Data to use:
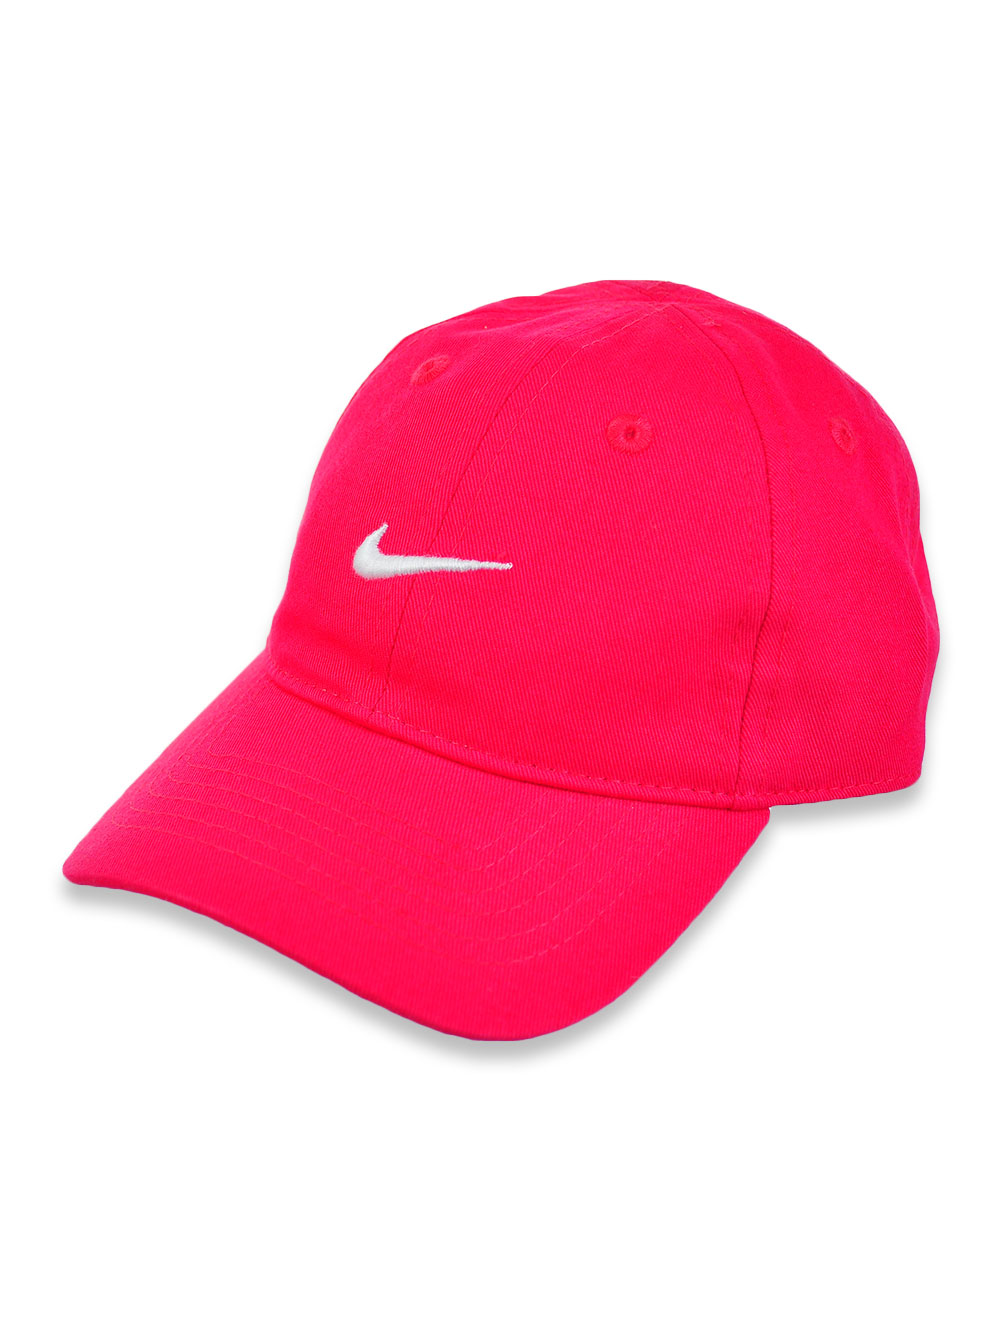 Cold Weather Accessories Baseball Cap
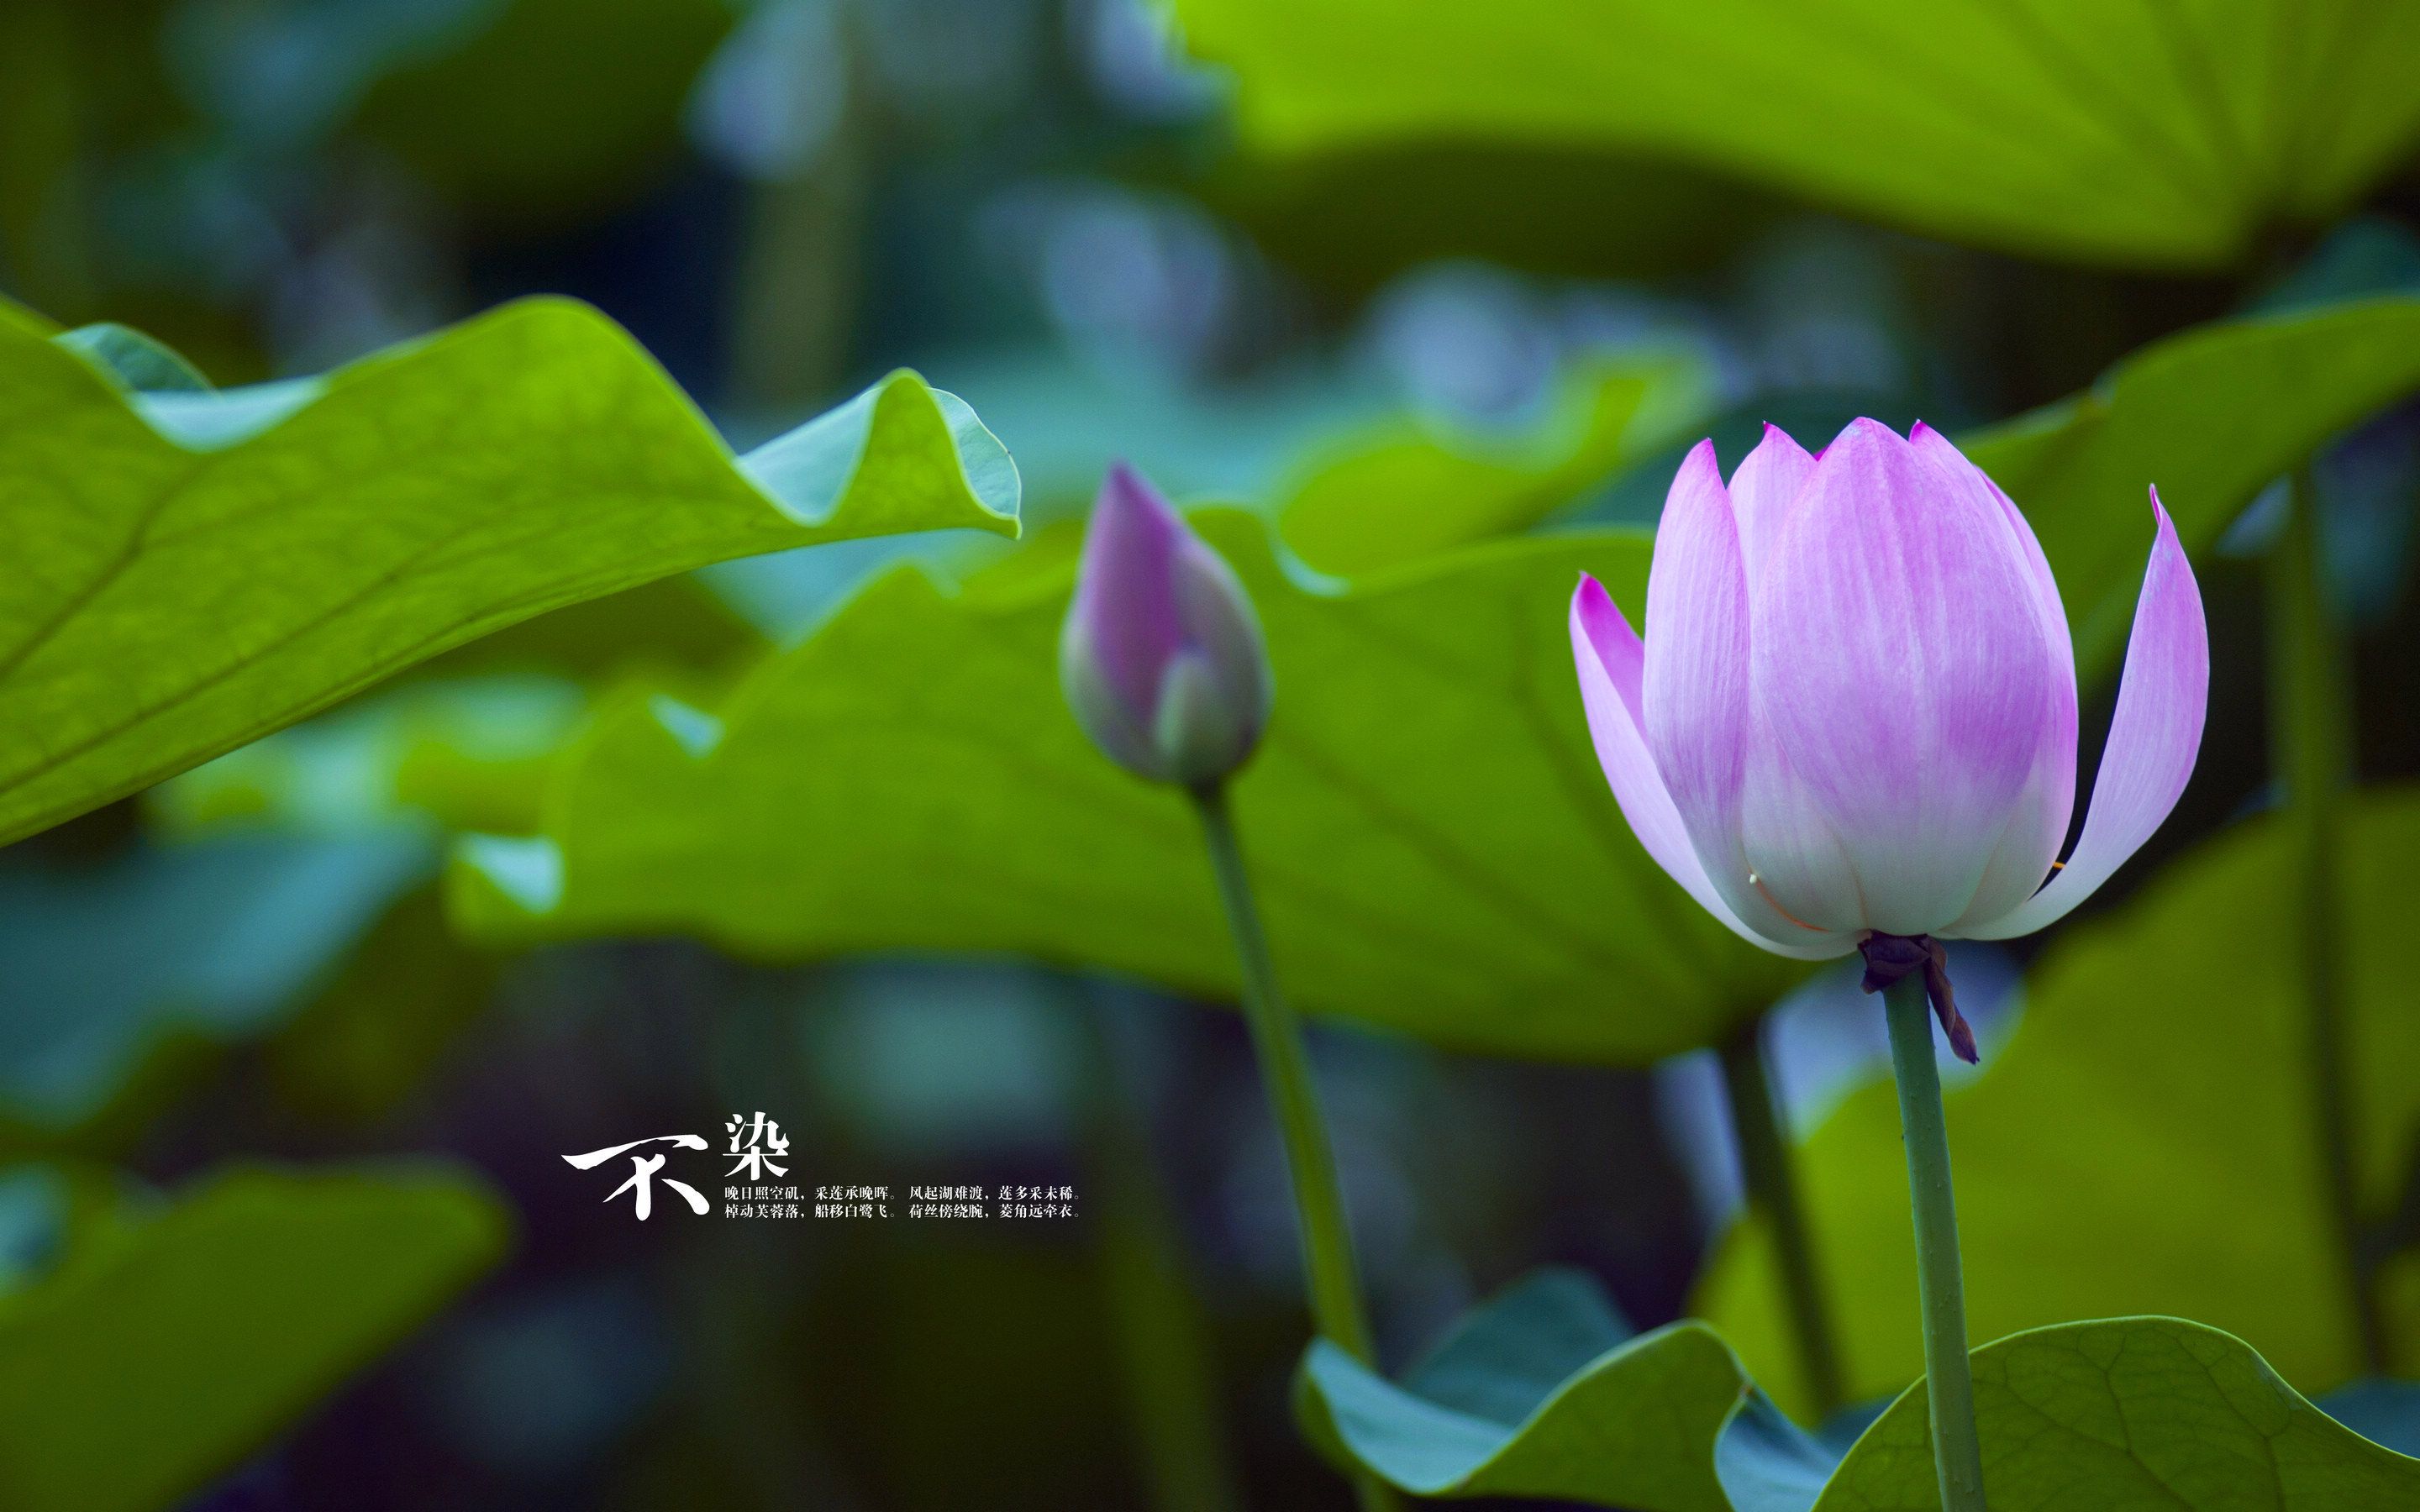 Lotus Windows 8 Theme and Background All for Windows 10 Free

--

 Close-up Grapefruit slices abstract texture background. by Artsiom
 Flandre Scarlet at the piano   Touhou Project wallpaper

Problem details:
Though the entries above contain pictures, none should be copied; reproduce only the lines between the one holding "Cold Weather Accessories Baseball Cap" and the one holding "Lotus Windows 8", inclusive, exactly as written.

Output for this exercise:
 Cold Weather Accessories Baseball Cap
 Lotus Windows 8 Theme and Background All for Windows 10 Free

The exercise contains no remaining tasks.